→ GIVEN DATA
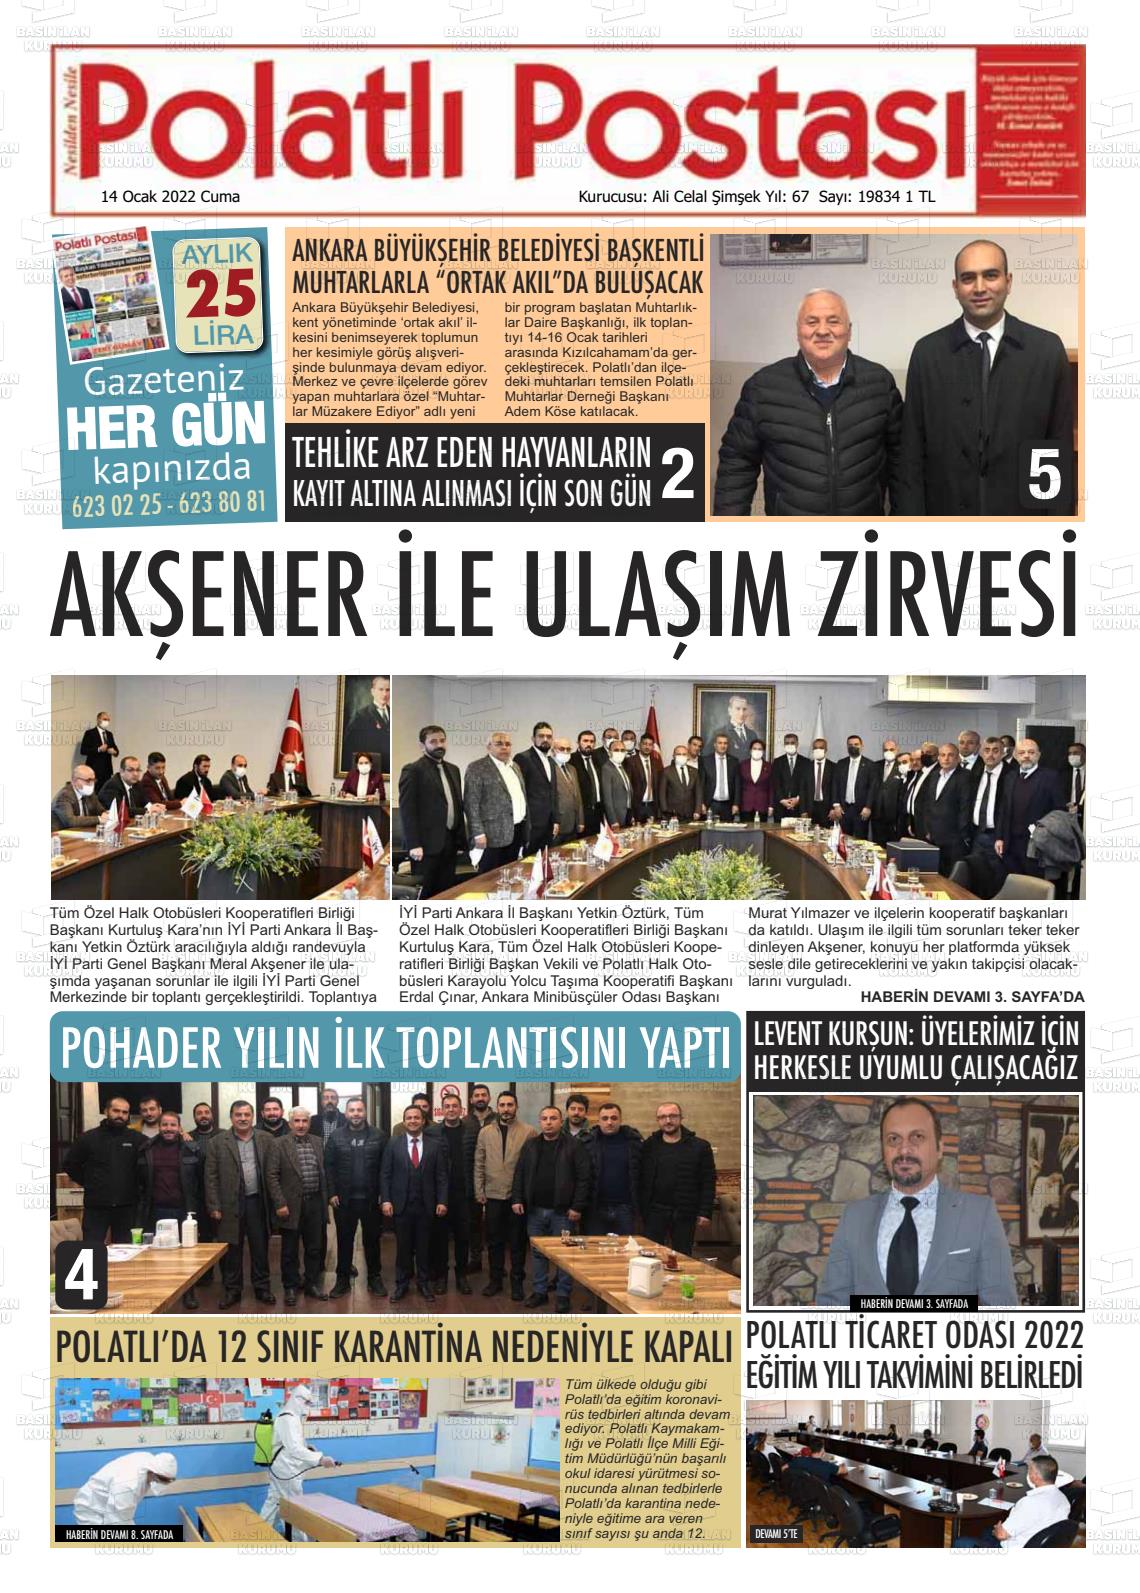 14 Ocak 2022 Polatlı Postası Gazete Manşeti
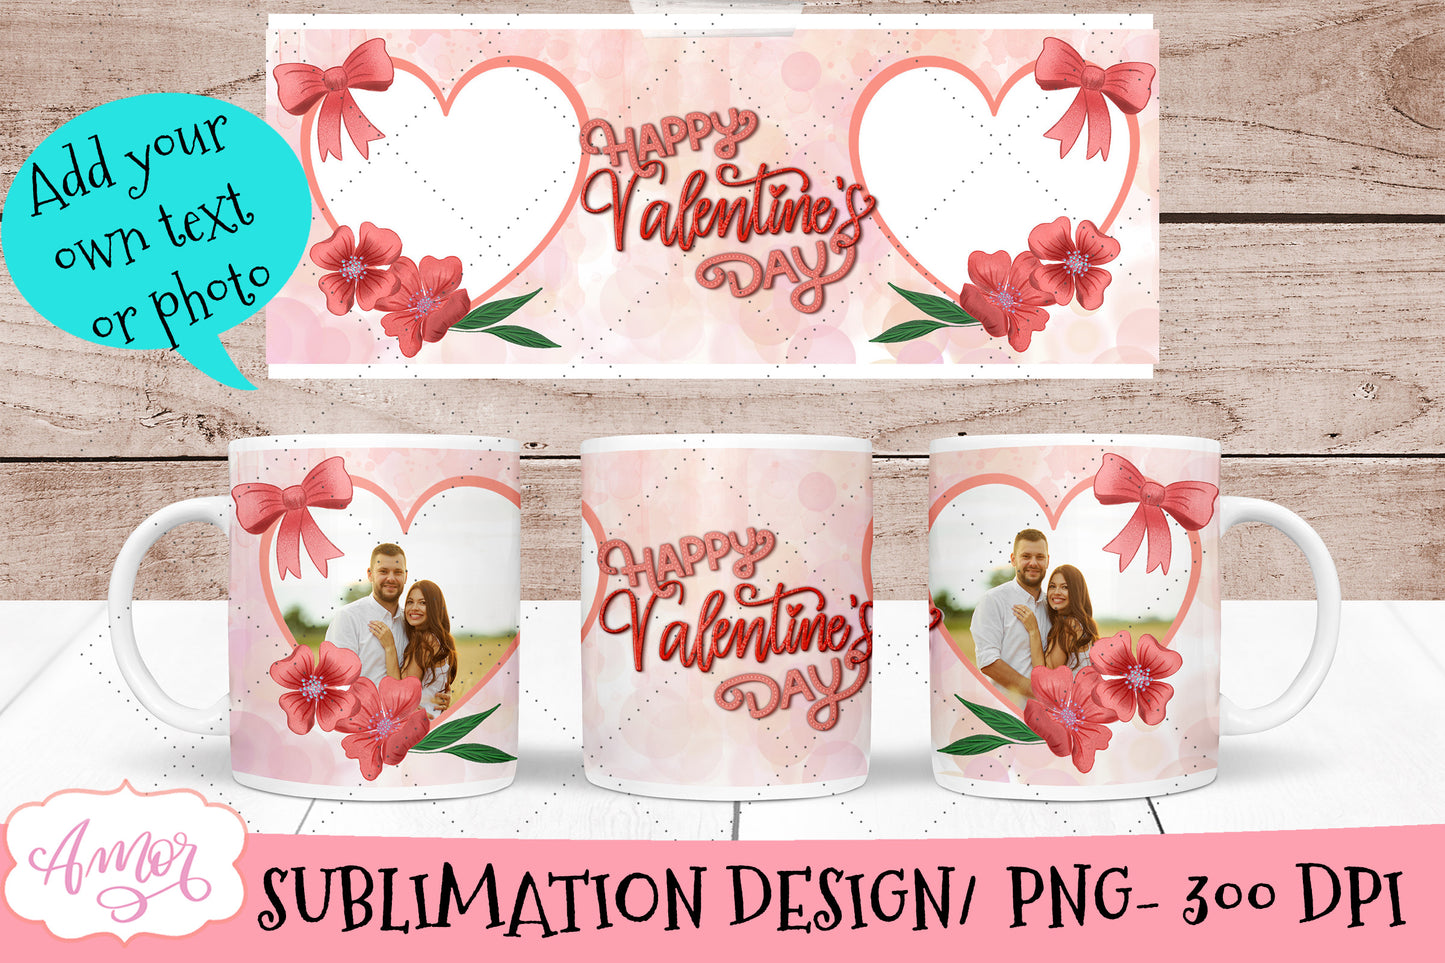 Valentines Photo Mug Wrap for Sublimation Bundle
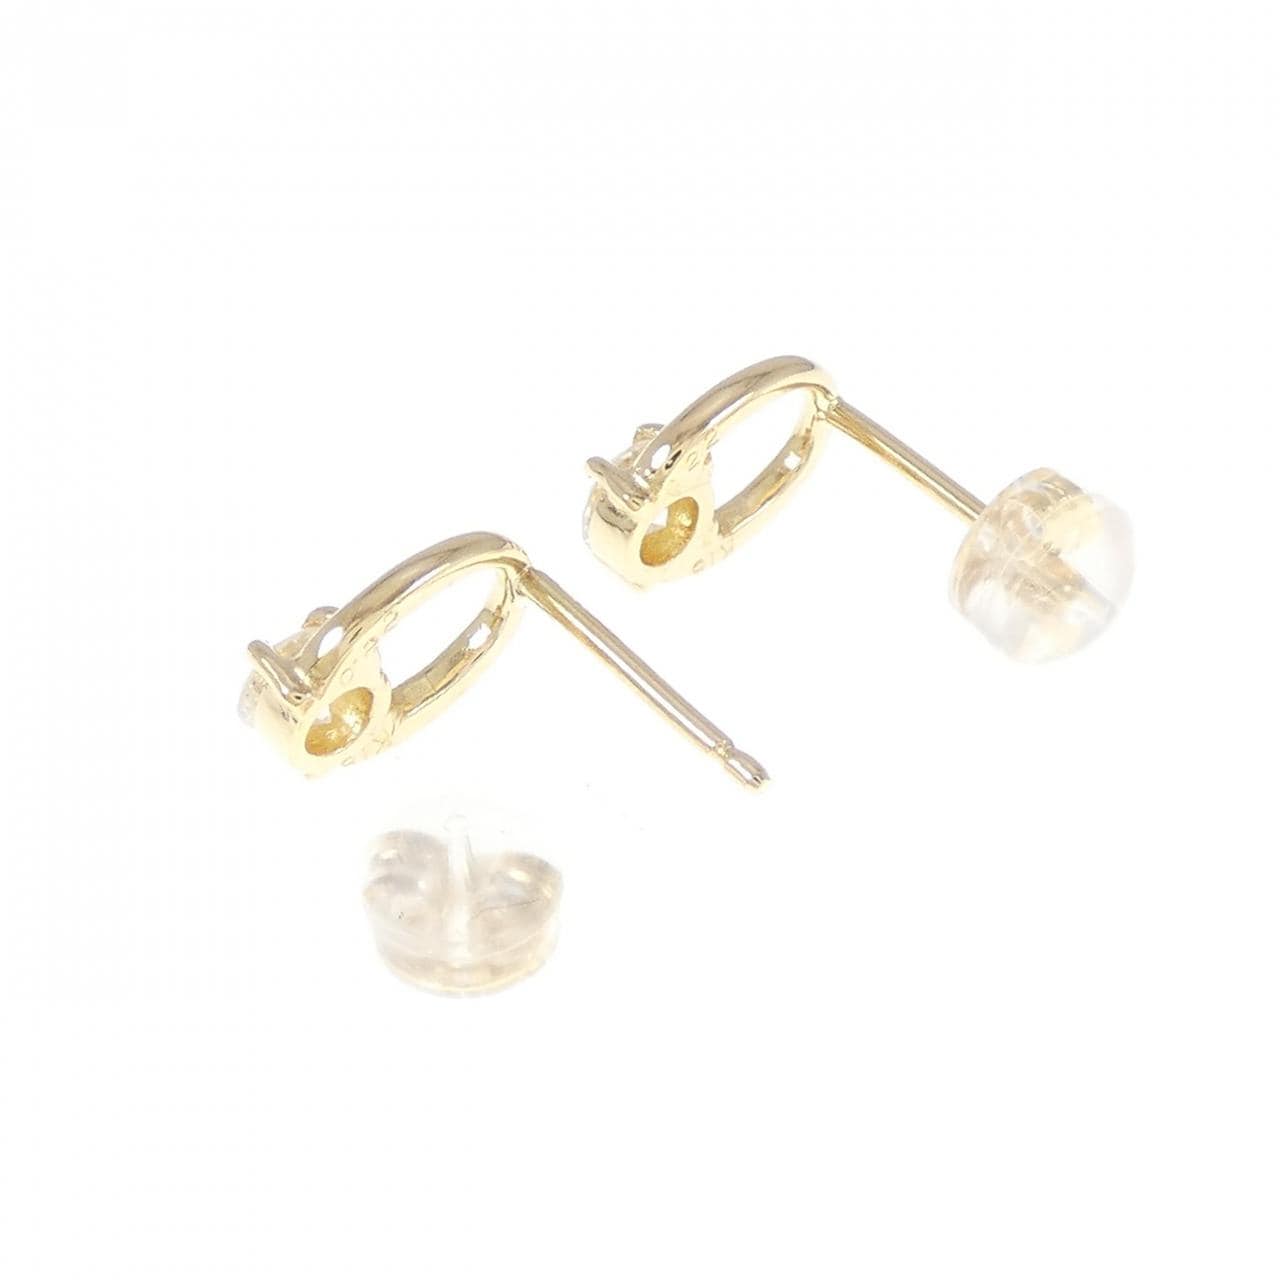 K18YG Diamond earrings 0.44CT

→ EXERCISE OBJECTIVE
Reprint the whole listing above exactly, taking out the pictures.

→ ANSWER FOR THE TASK
 14 Ocak 2022 Polatlı Postası Gazete Manşeti
 Valentines Photo Mug Wrap for Sublimation Bundle
 K18YG Diamond earrings 0.44CT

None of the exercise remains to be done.